Sports park in Apeldoorn, Netherlands

The Sportpark Berg & Bos is a football complex located in the Dutch city Apeldoorn. It is the home port of AGOVV.

AGOVV has been playing at Sportpark Berg en Bos in the neighbourhood of the same name in the west of Apeldoorn since 1921. The sports park is located in a wooded area and is adjacent to Apenheul. The complex includes four football fields and a football stadium. In the early years there was not only football, the annual hippique concours also took place here. The sports park was named the most beautiful football complex in the Netherlands in 2021 by the football magazine Voetbal International.

== Stadion Berg & Bos ==
For the return of AGOVV to professional football in 2003, a football stadium was built at the sports park. The stadium bears the name Stadion Berg & Bos and has a capacity of 3250 seats. This while the sports park was visited by more people in the past during practice matches or important matches. Examples of this are the match against the Dutch national football team led by Louis van Gaal, which was attended by 12,000 people, and the match against SC Heerenveen by Abe Lenstra, where 25,000 spectators were present. The record number of spectators in professional football was achieved on September 24, 2009, during the AGOVV – Ajax (1–2) cup match. The stadium was completely sold out with 3,500 spectators.

Since 2006, the stadium has had an artificial turf from Royal Ten Cate NV, which has been approved by the UEFA. The stadium bore the sponsored name Fly Brazil & Desko Stadium from 2010 to 2013.

Partly because AGOVV repeatedly expressed its ambition to promote to the Eredivisie, there were plans to have the club build a new stadium with a capacity of approximately 6,000 spectators. A location that came into view was the Kuipersdijk near De Maten and Apeldoorn South. Later, a place on the Europaweg in the southwest gate of Apeldoorn received serious attention. Another option was that the municipality of Apeldoorn would buy back the current site from the football club (it was sold in 1999) on which AGOVV would become the tenant of the complex. However, the negotiations fell through in March 2012 because AGOVV thought the price offered was too low.

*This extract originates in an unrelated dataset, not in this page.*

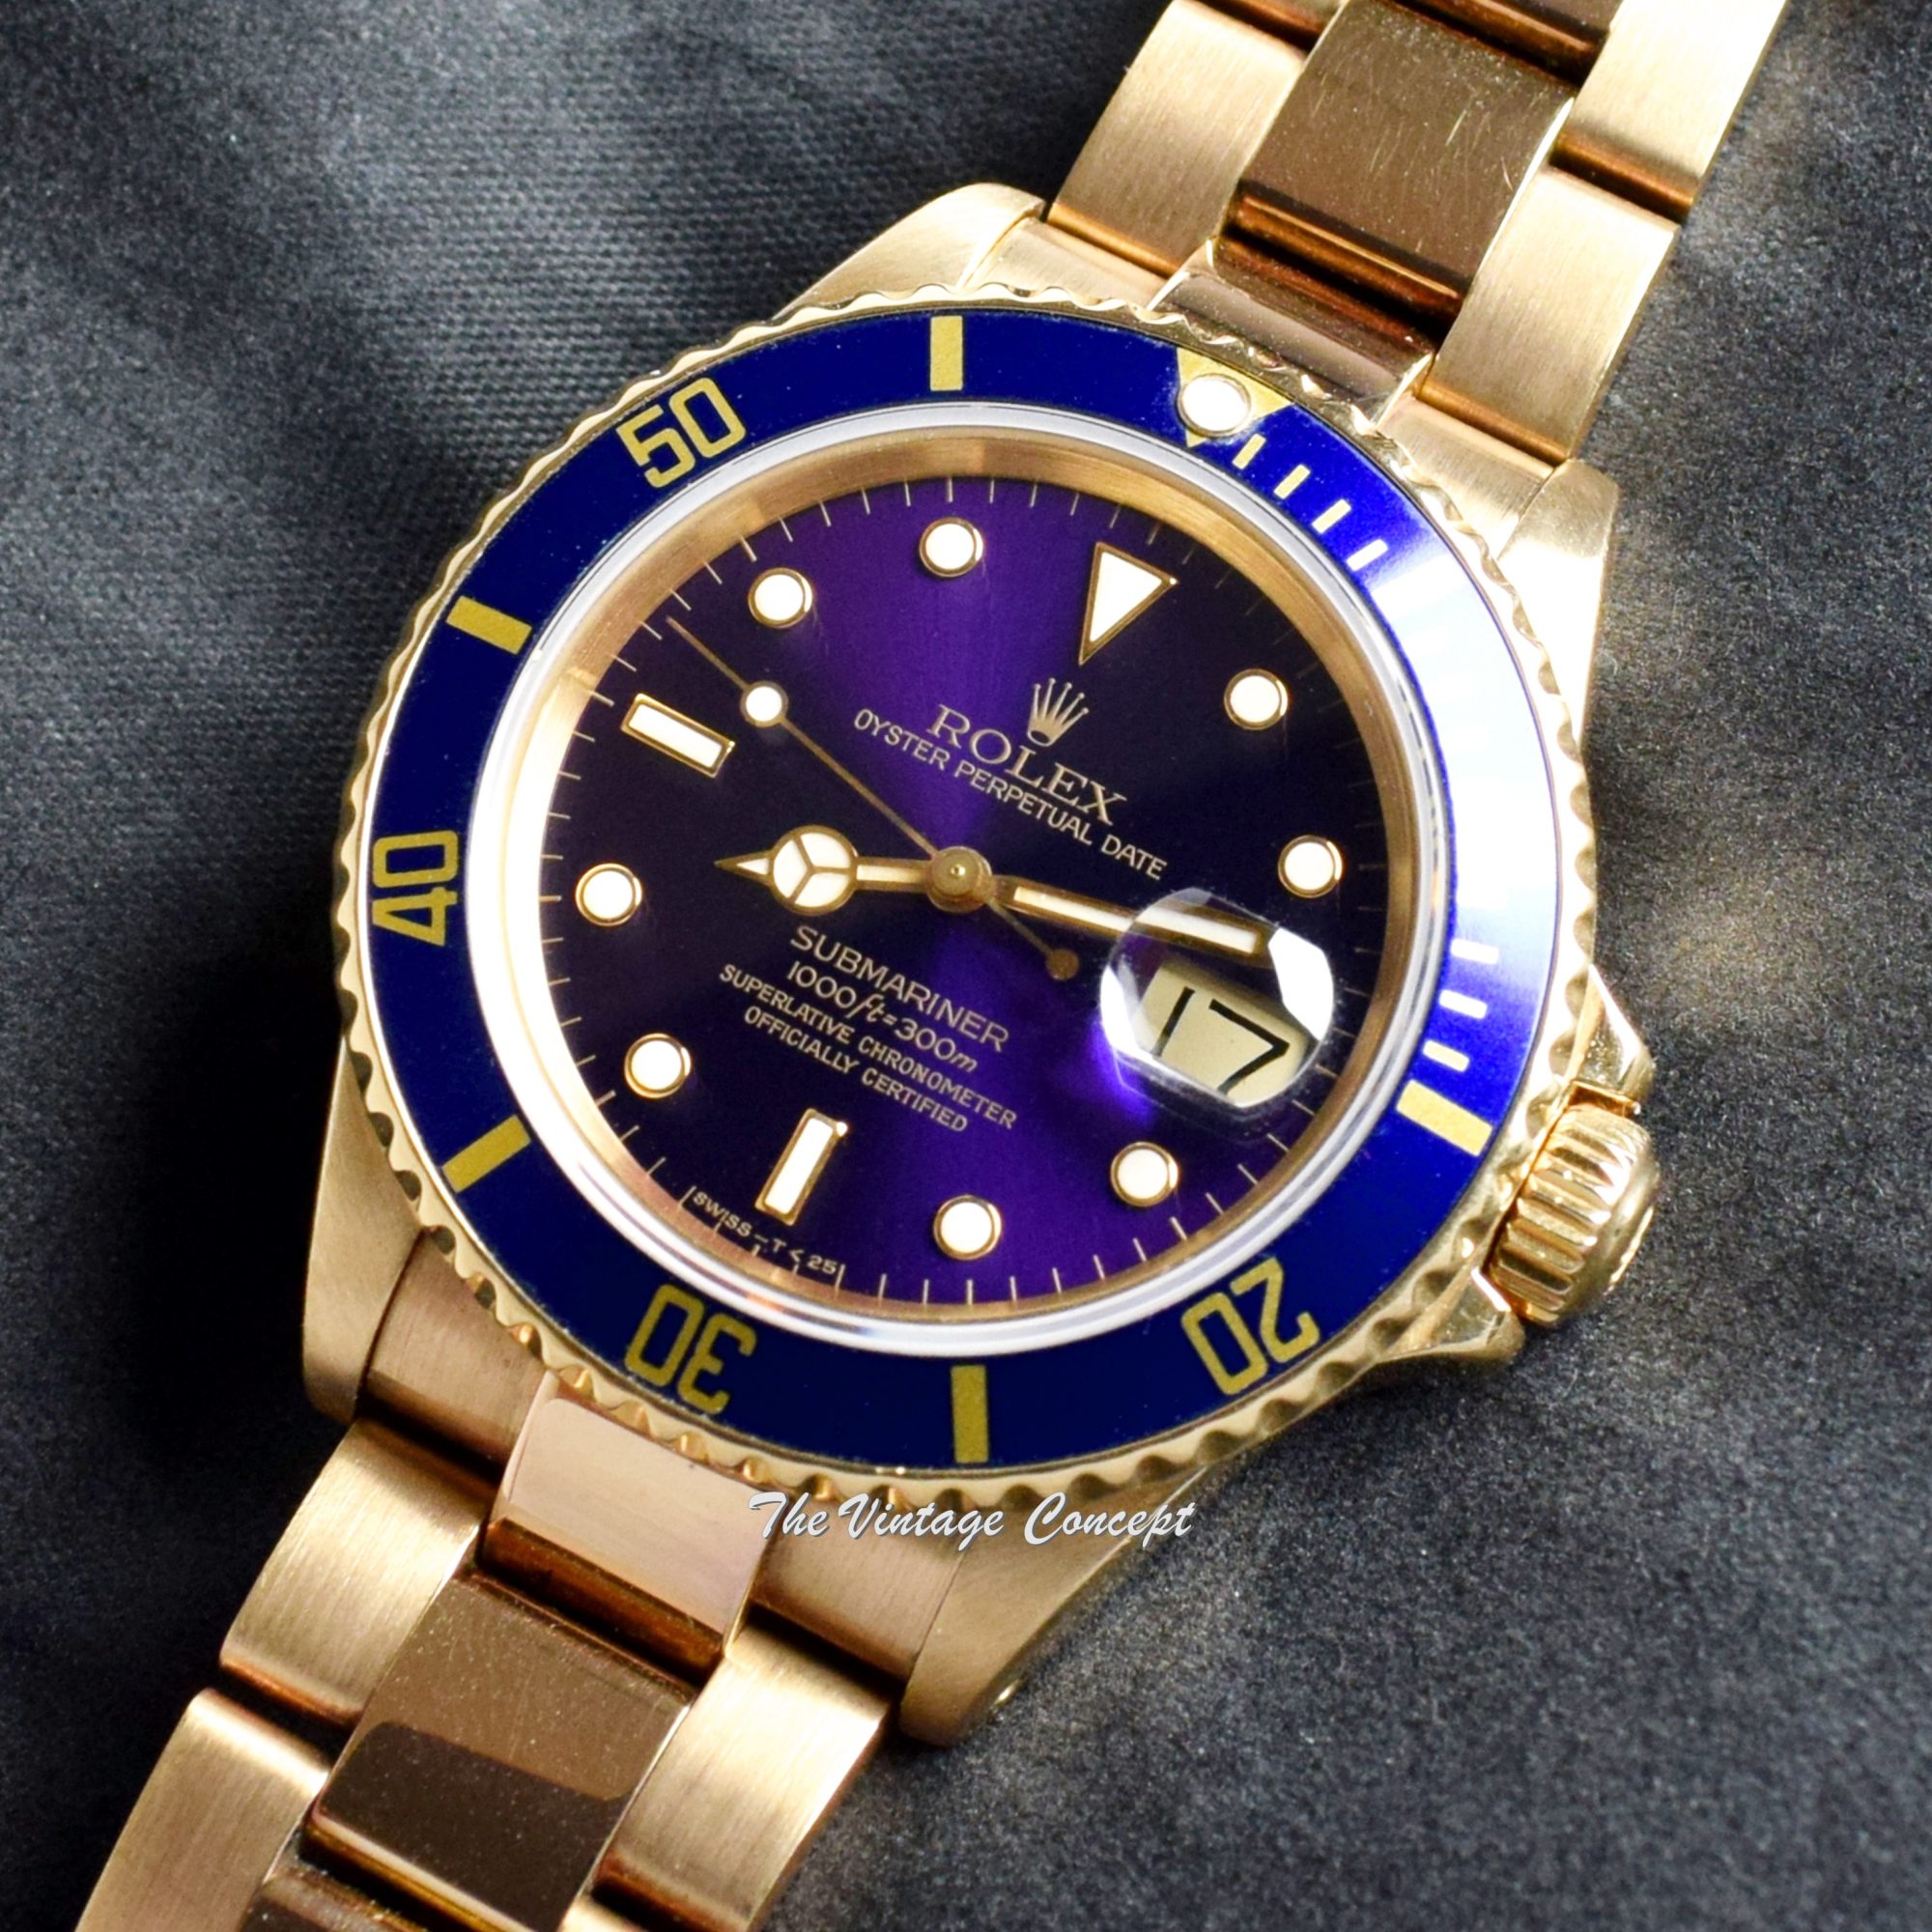 Rolex Submariner 18K Yellow Gold Purple Dial 16808 - The Vintage Concept

On January 8, 2013, the professional branch AGOVV Apeldoorn was declared bankrupt. The amateurs continued to play in the stadium.

== Main stand ==
The main stand was designed in 1924 by city architect Gerrit de Zeeuw. The main stand is on the municipal monuments list and is located next to the club building 'De Blauwe Drukte', which also dates from the 1920s. The unemployed were employed in construction within the framework of the job creation.

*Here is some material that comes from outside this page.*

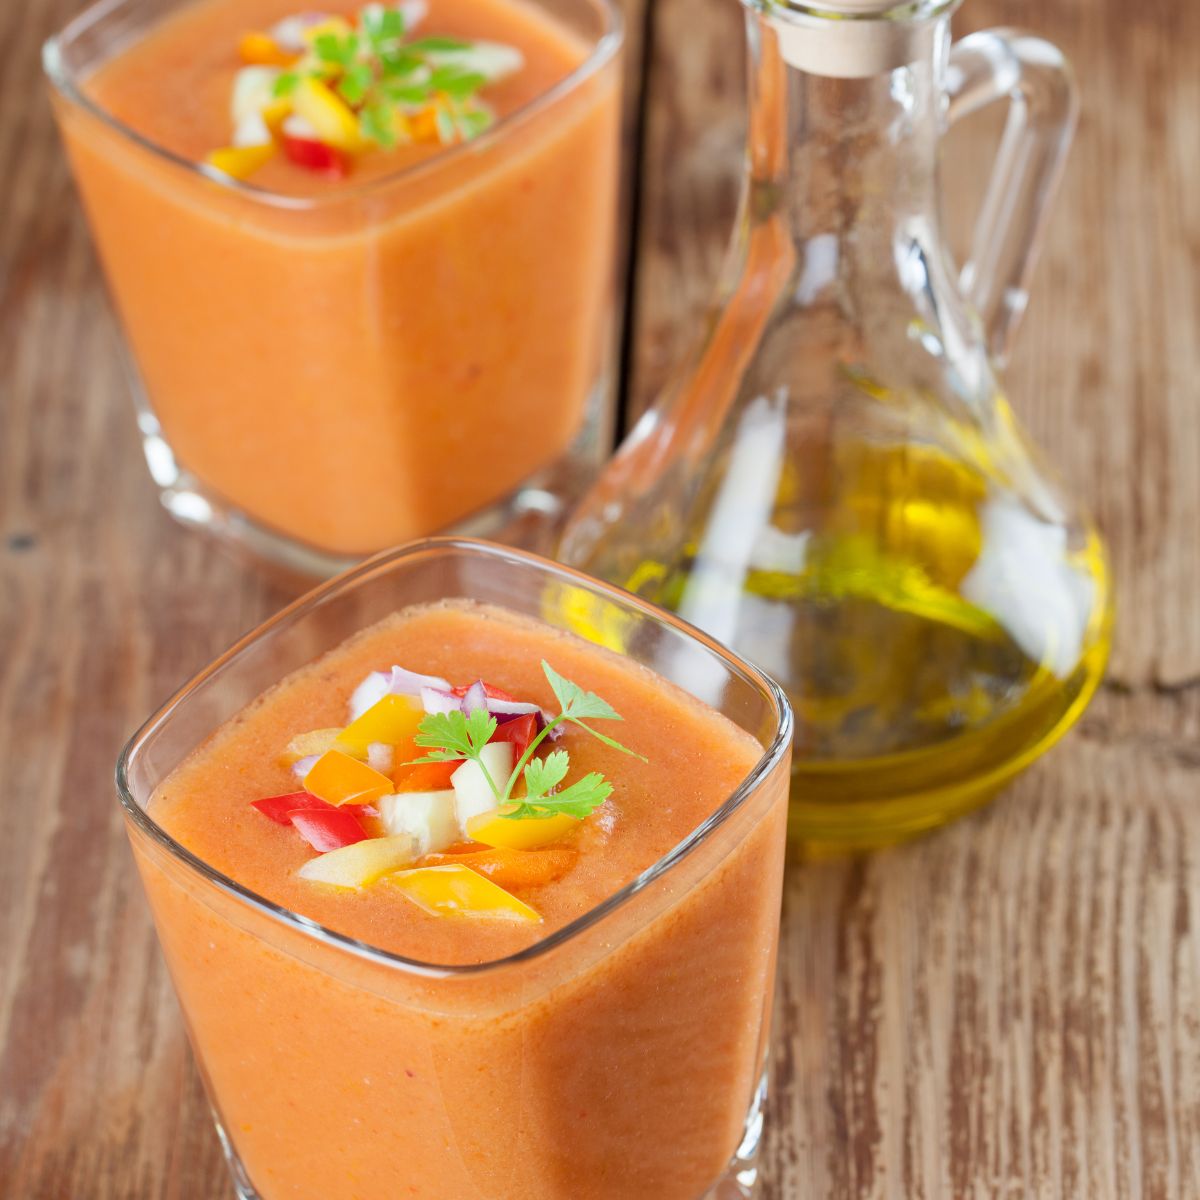 Two small glasses of gazpacho shooters with a carafe of olive oil on the side.

In July 2012, the Municipality of Apeldoorn ordered the closing of the monumental main stand, after the Asian longhorn beetle had severely damaged a load-bearing pole. There was a threat of collapse of the grandstand, which was averted by a metal emergency construction. The board of AGOVV was instructed to submit a recovery plan to the municipality, taking into account the monumental status. Because it did not want to proceed with such a plan from the financially distressed club, the municipality decided to close the stand in December 2012.

The main stand was thoroughly renovated in 2016, which was financed through a municipal subsidy and a crowdfunding campaign. Former player Klaas-Jan Huntelaar had called to save the stands. Supporters symbolically sponsored their own seat for 100 euros. After the renovation, the main stand at Berg en Bos has been put back into use.

In 2021, the main stand was voted the most beautiful main stand in Gelderland by platform Nederlandse Velden.